Omit every picture, then return the listing verbatim.

● INFORMATION PROVIDED
┏━━
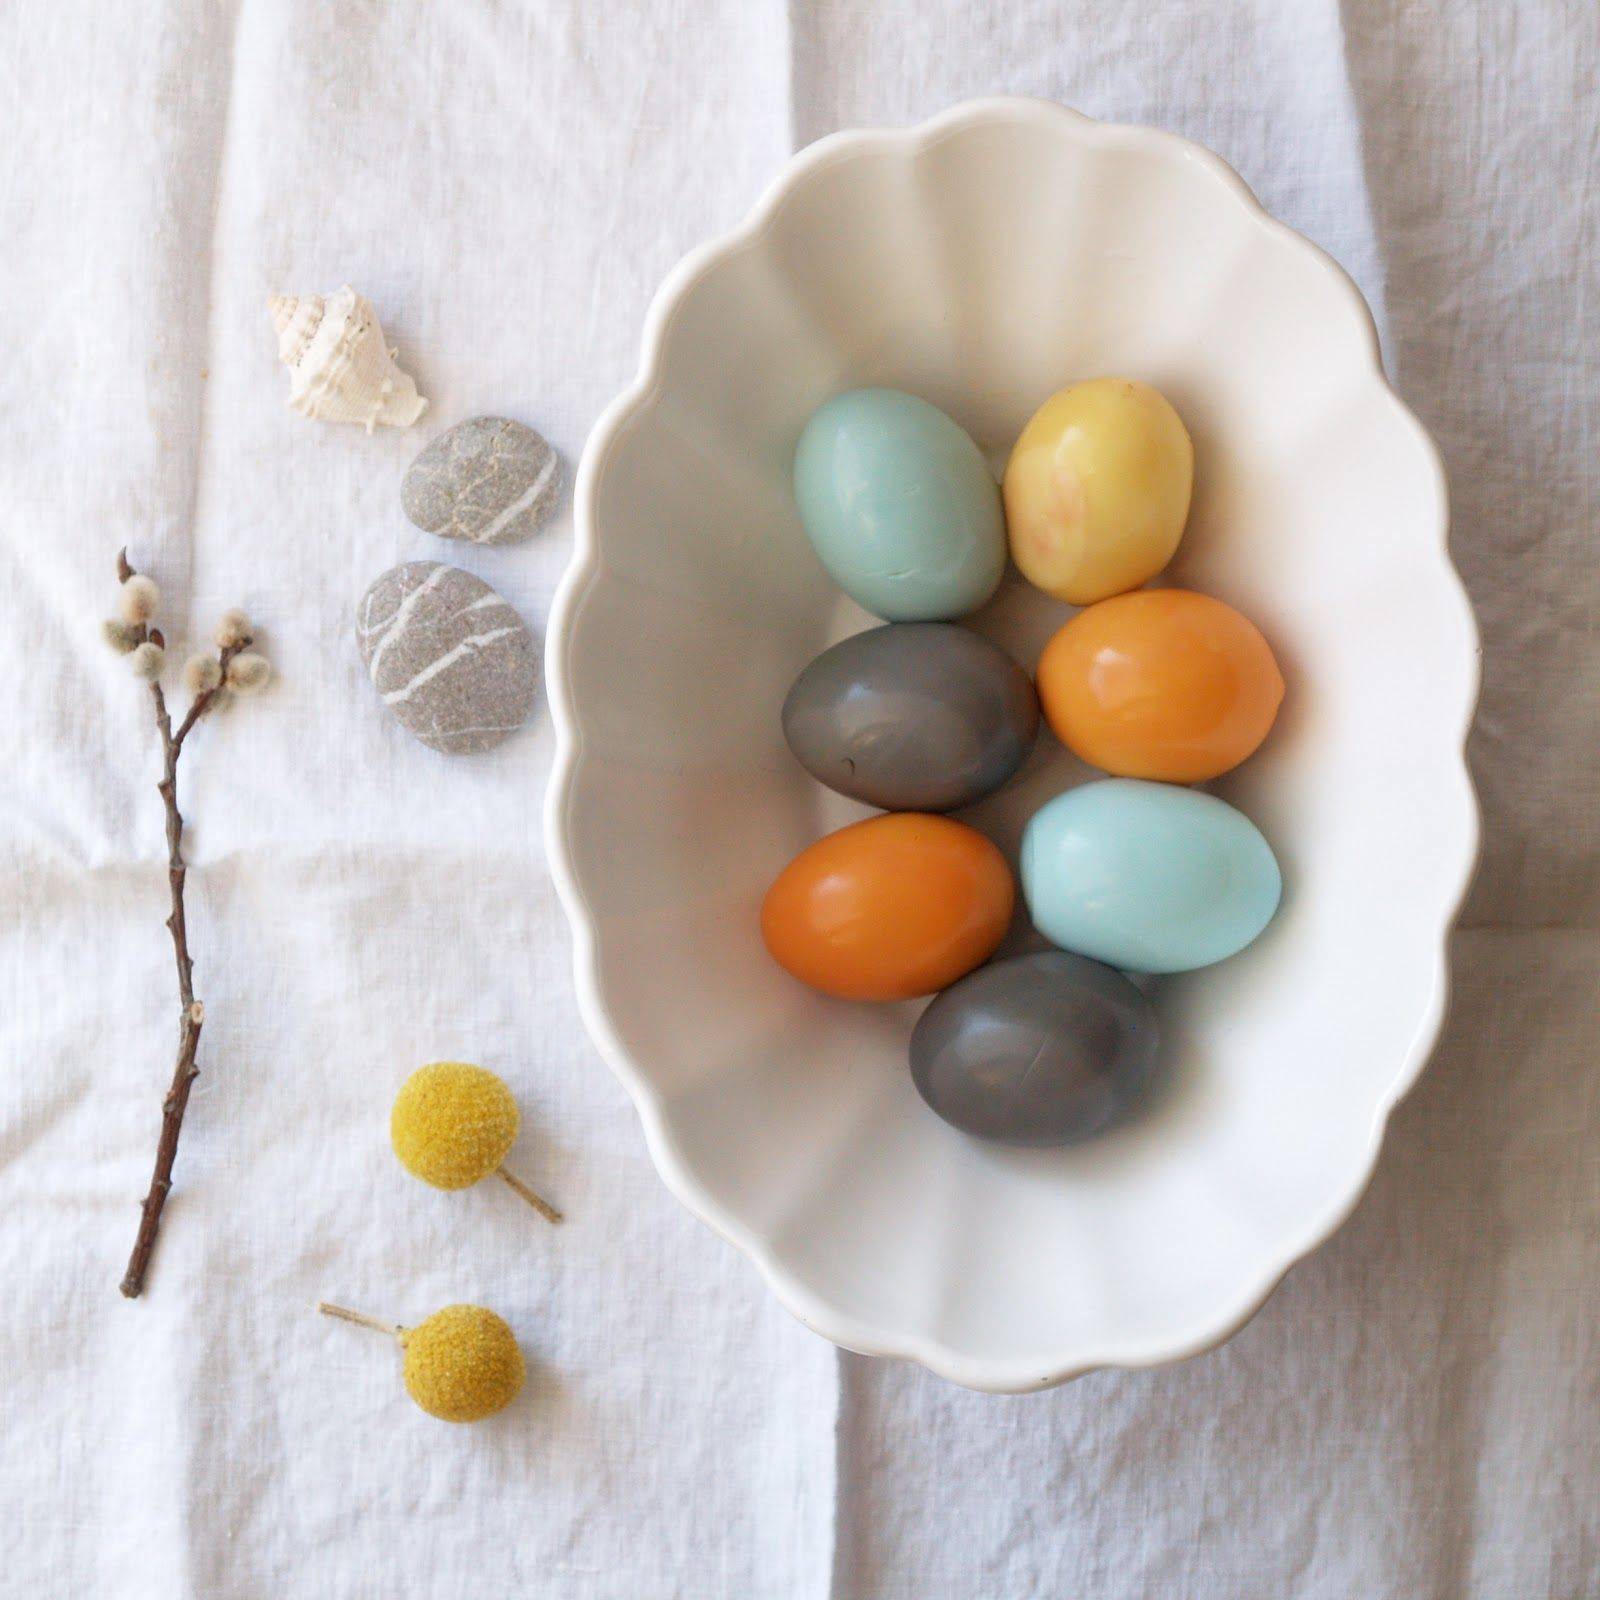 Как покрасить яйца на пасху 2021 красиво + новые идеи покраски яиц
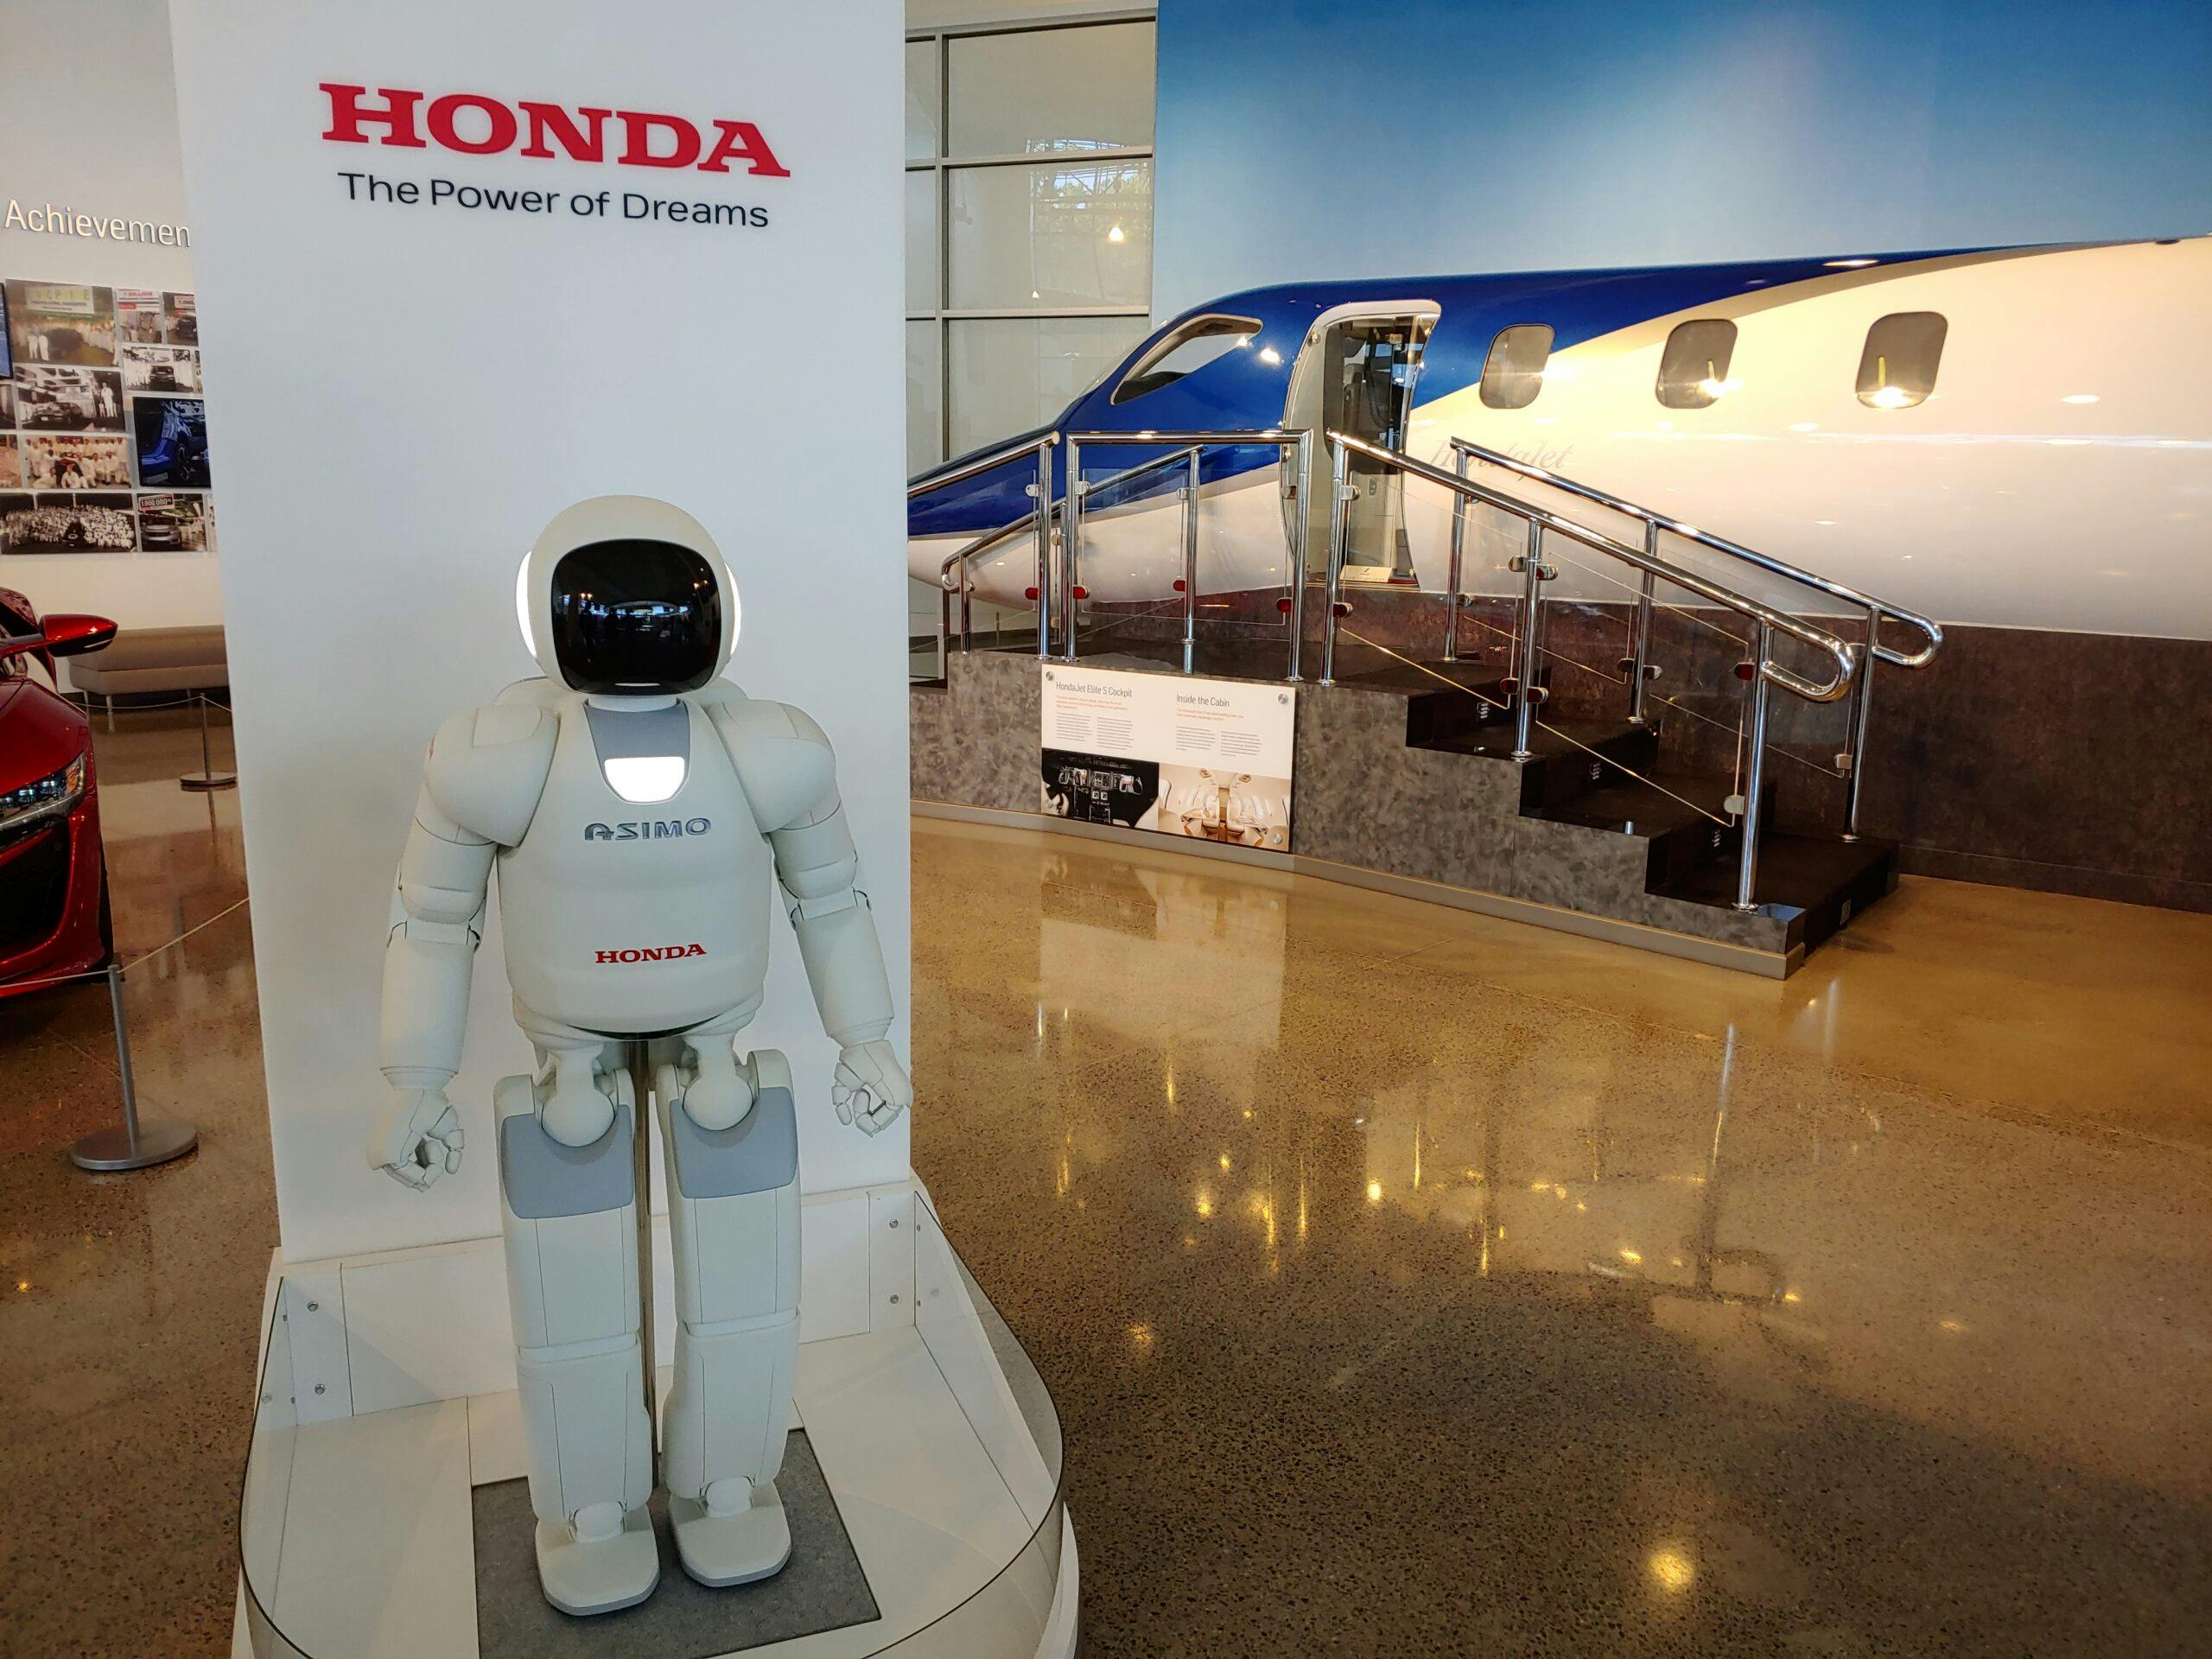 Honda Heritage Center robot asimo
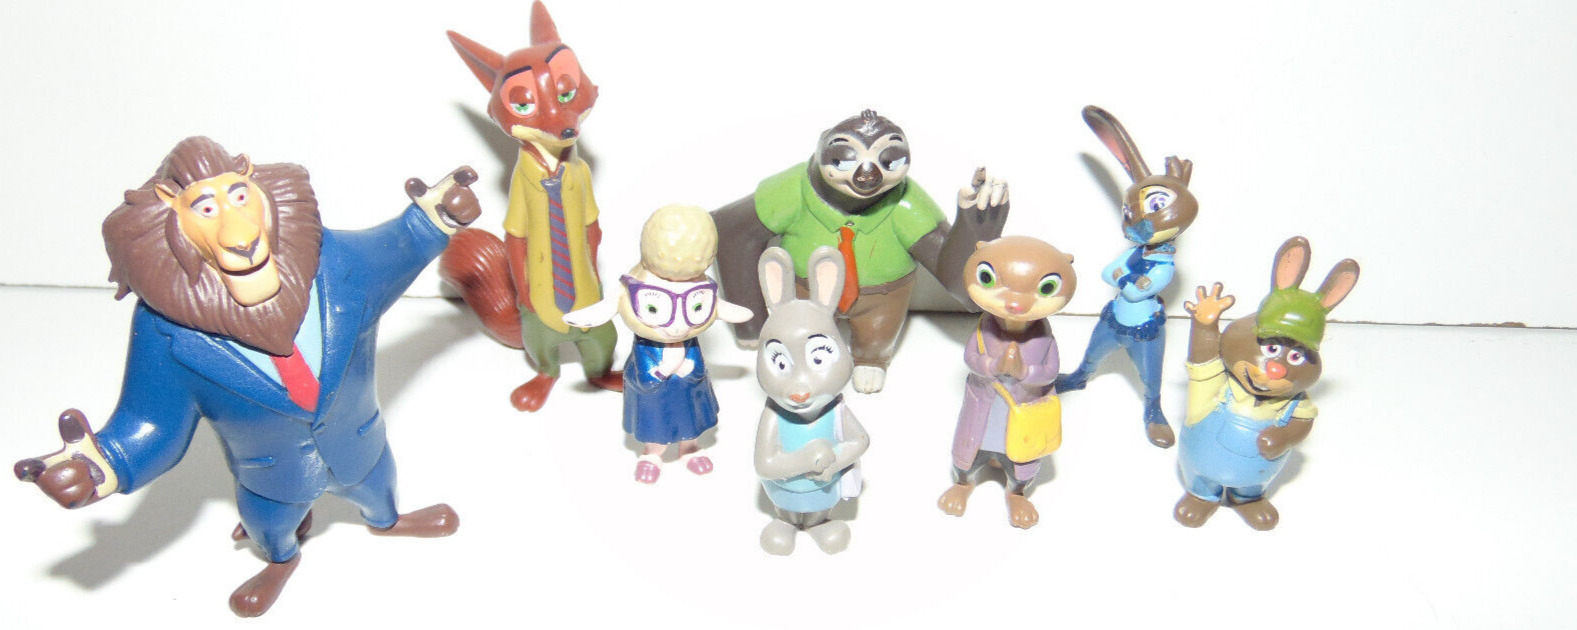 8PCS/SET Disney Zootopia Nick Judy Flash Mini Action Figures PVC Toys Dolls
┗━━
● RESPONSE BELOW
 Как покрасить яйца на пасху 2021 красиво + новые идеи покраски яиц
 Honda Heritage Center robot asimo
 8PCS/SET Disney Zootopia Nick Judy Flash Mini Action Figures PVC Toys Dolls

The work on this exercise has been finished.